_TASK DIRECTIONS_
Copy word for word the lines of the records below, beginning at the one with "St. Andrew's Blockhouse" and finishing at the one with "Hommes Nike Air", ends included, but none of the pictures.

_WORKING DATA_
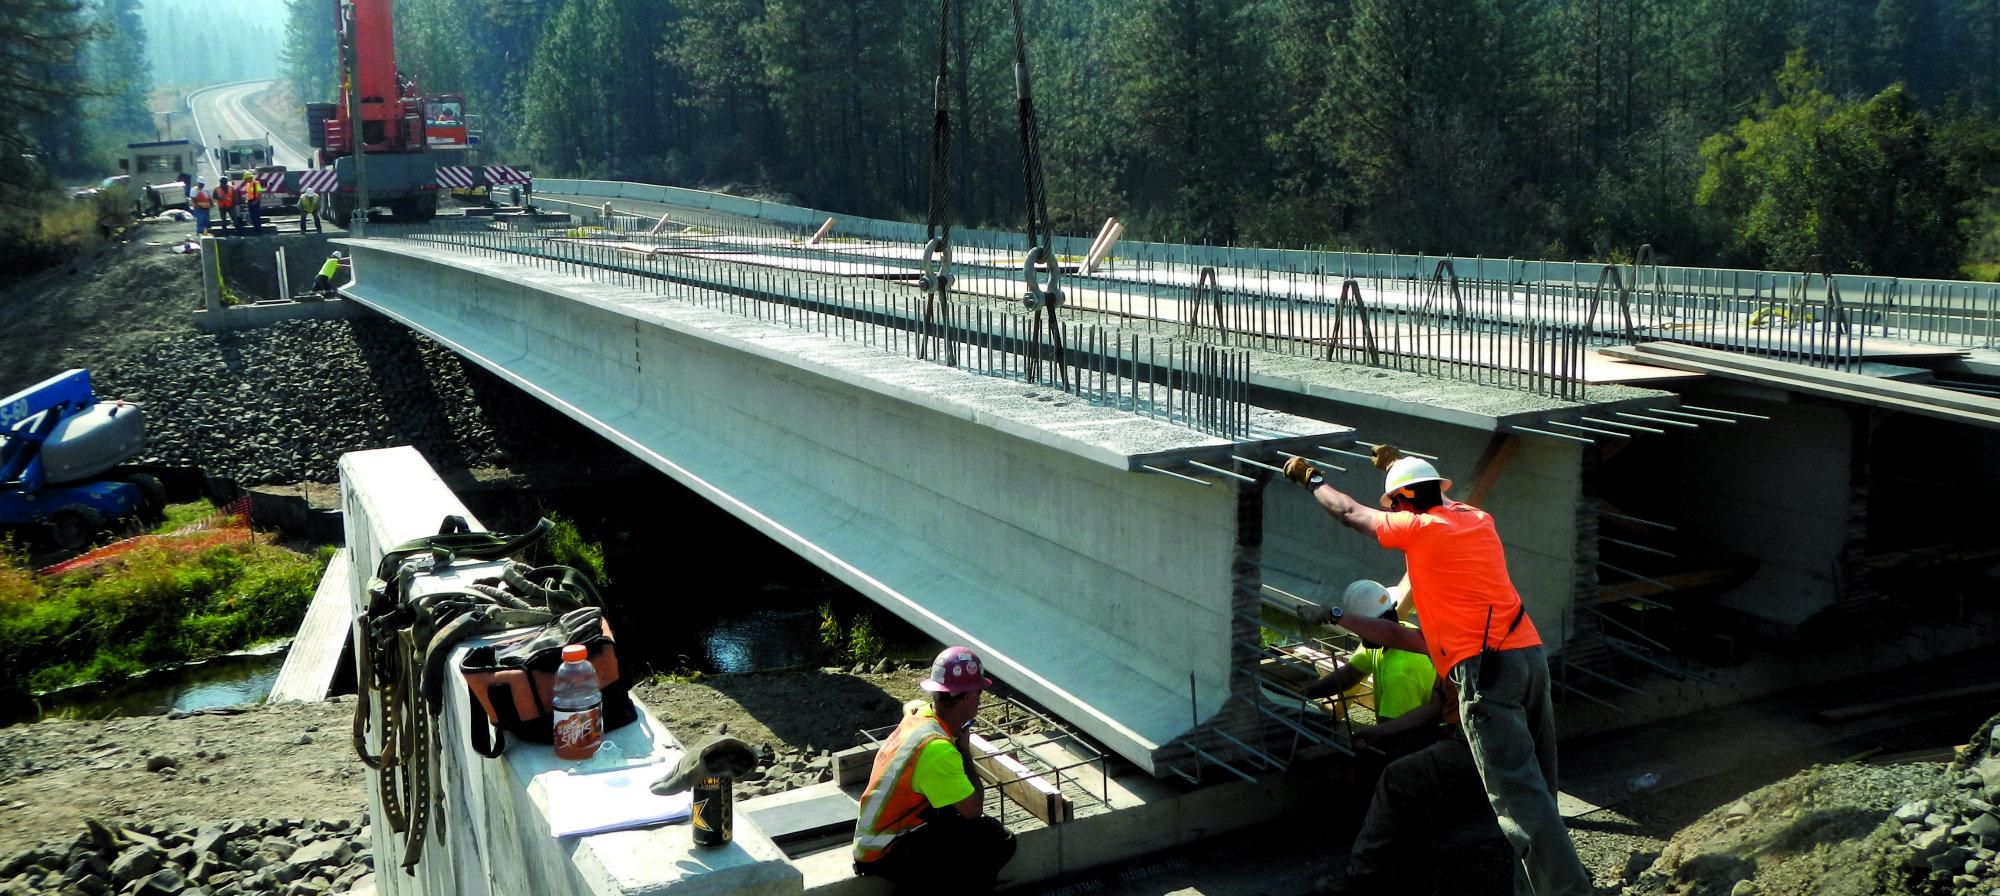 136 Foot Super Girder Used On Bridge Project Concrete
==
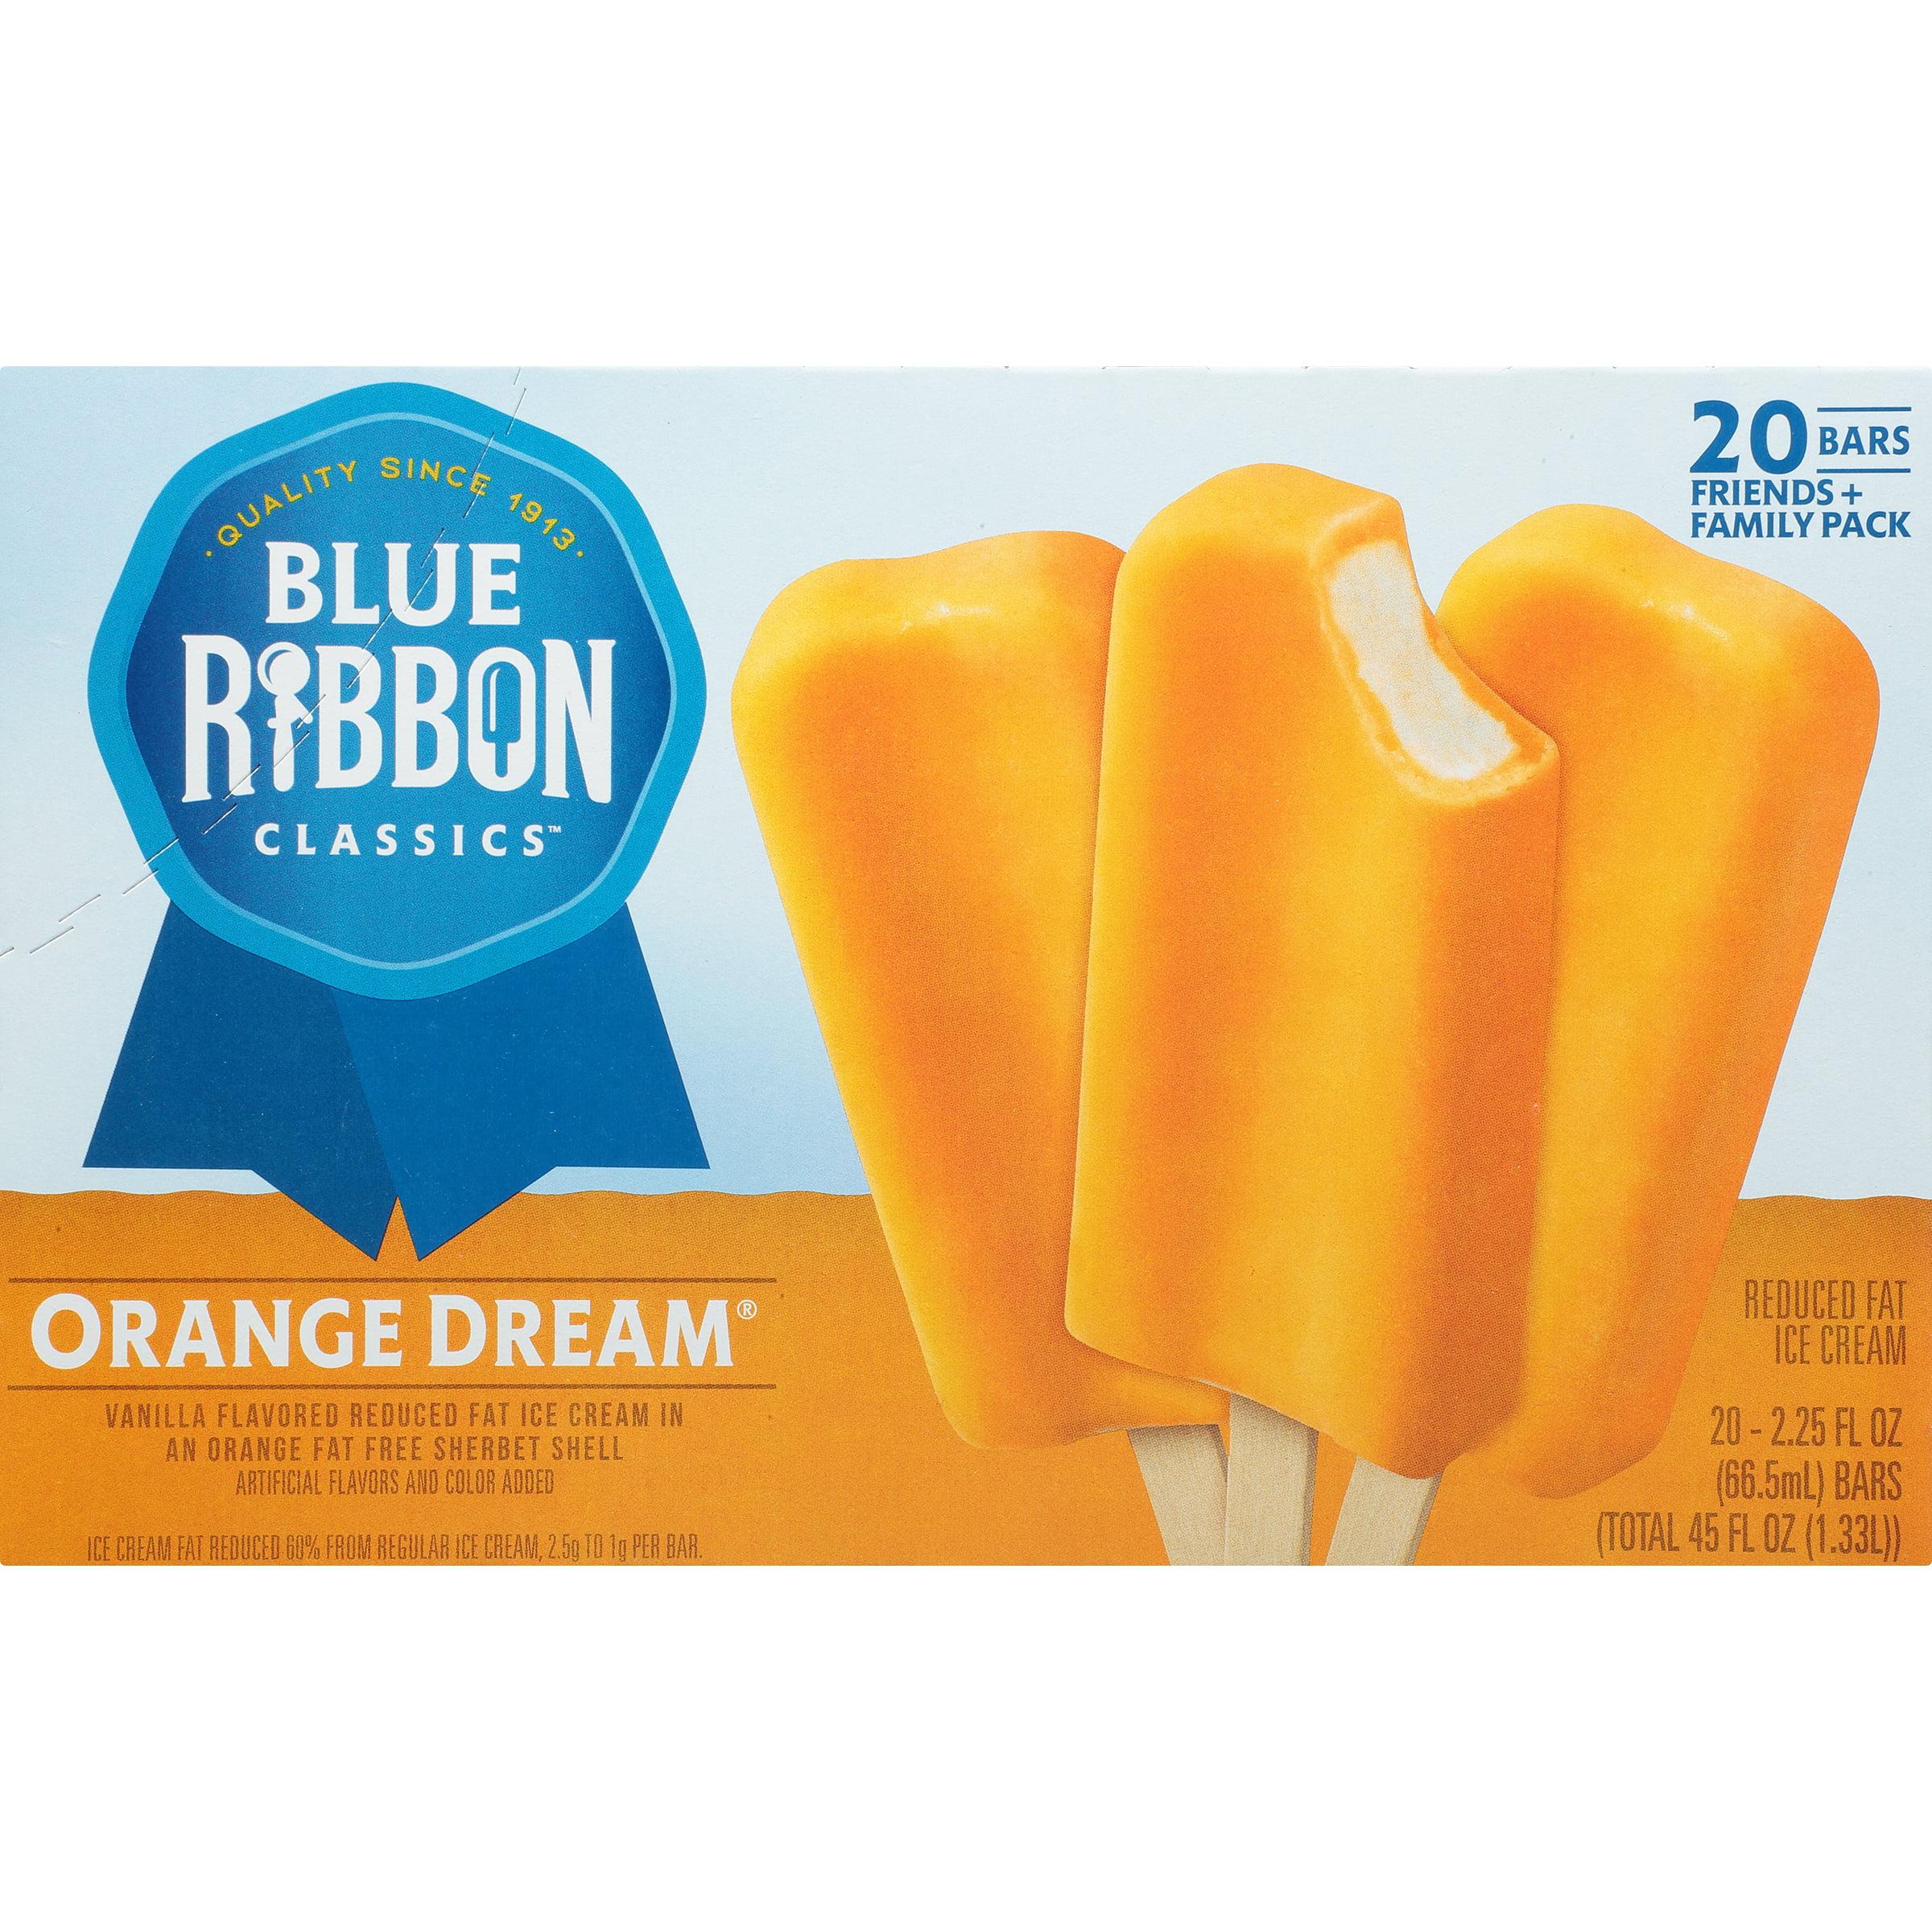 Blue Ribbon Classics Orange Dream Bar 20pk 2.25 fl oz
---
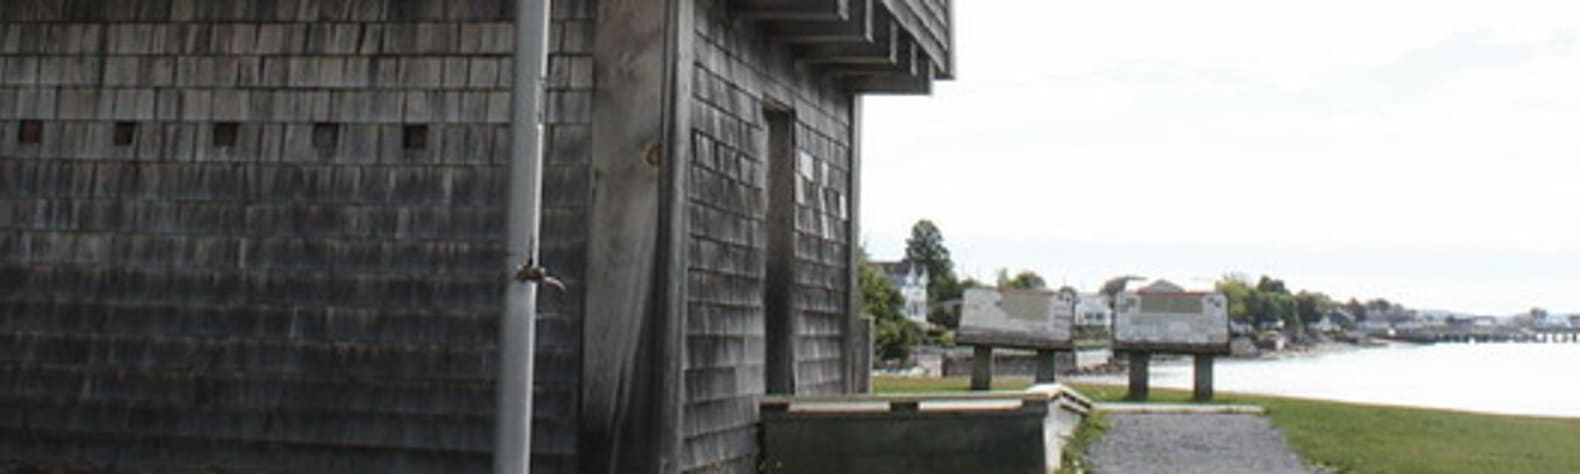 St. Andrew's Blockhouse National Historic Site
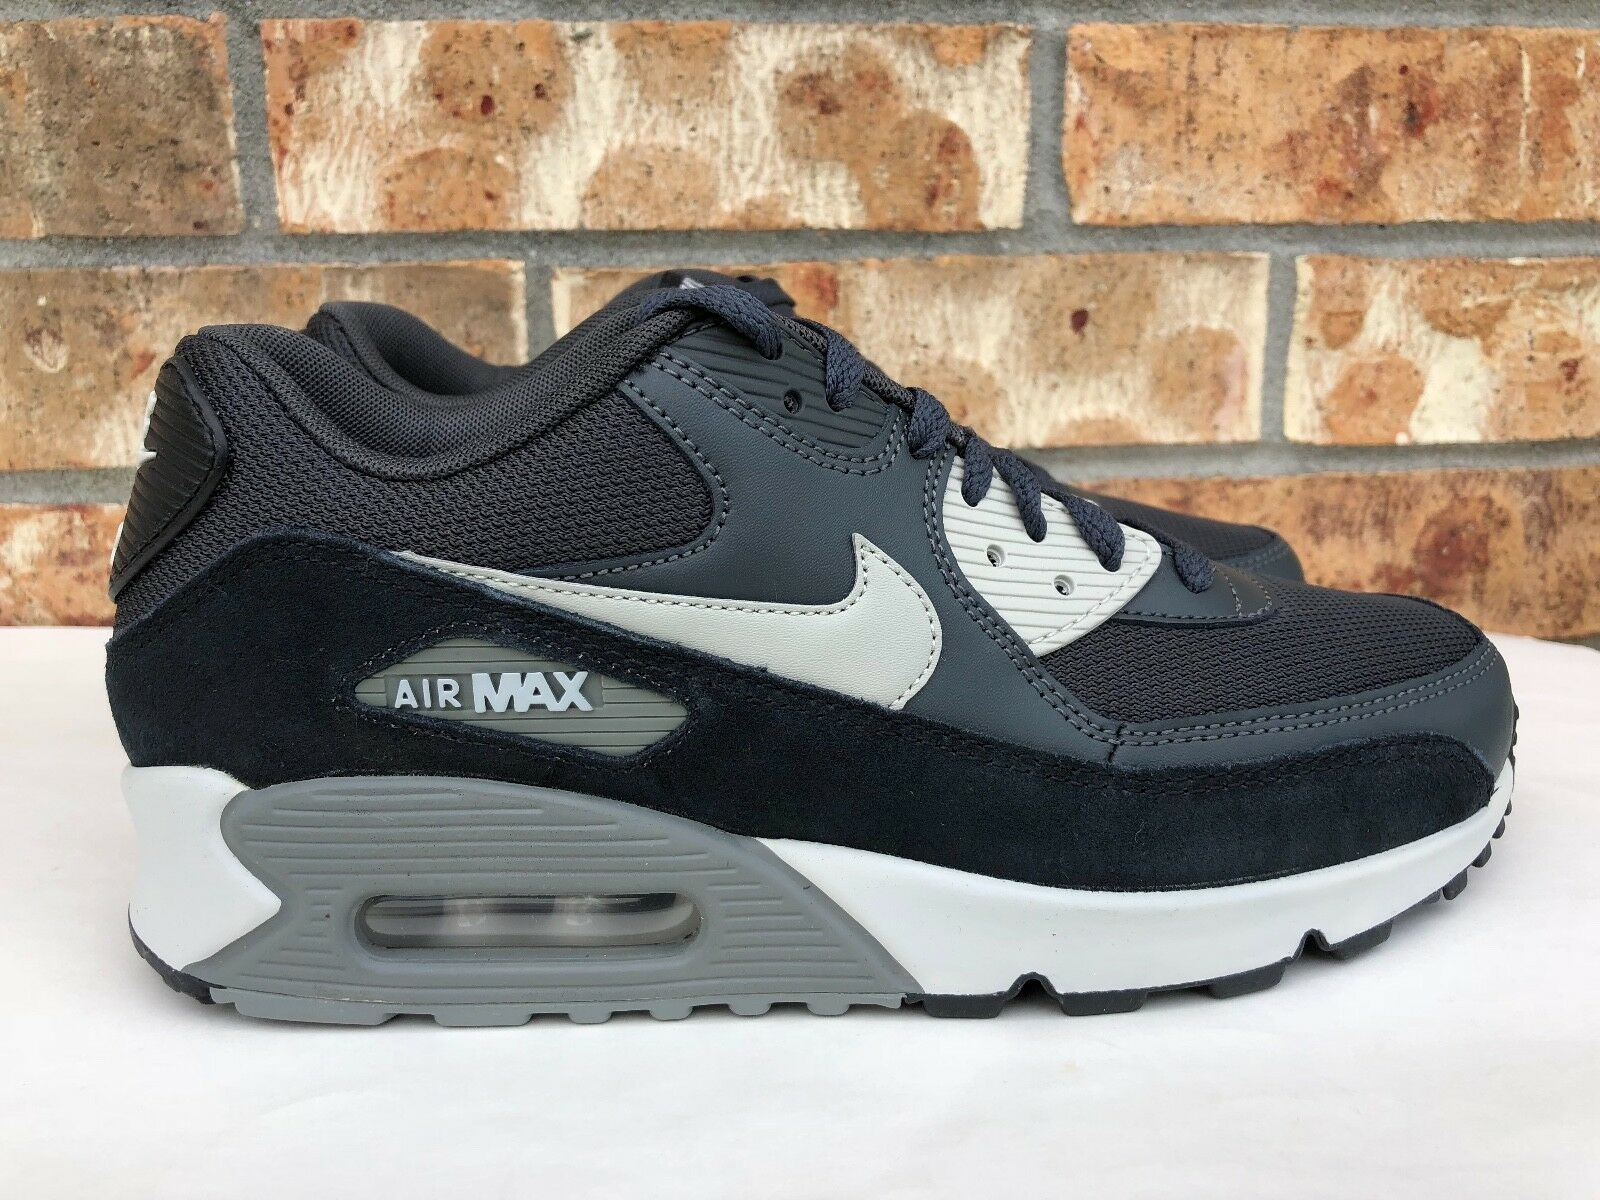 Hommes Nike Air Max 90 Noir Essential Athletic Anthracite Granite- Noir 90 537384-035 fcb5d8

_WRITTEN SOLUTION_
 St. Andrew's Blockhouse National Historic Site
 Hommes Nike Air Max 90 Noir Essential Athletic Anthracite Granite- Noir 90 537384-035 fcb5d8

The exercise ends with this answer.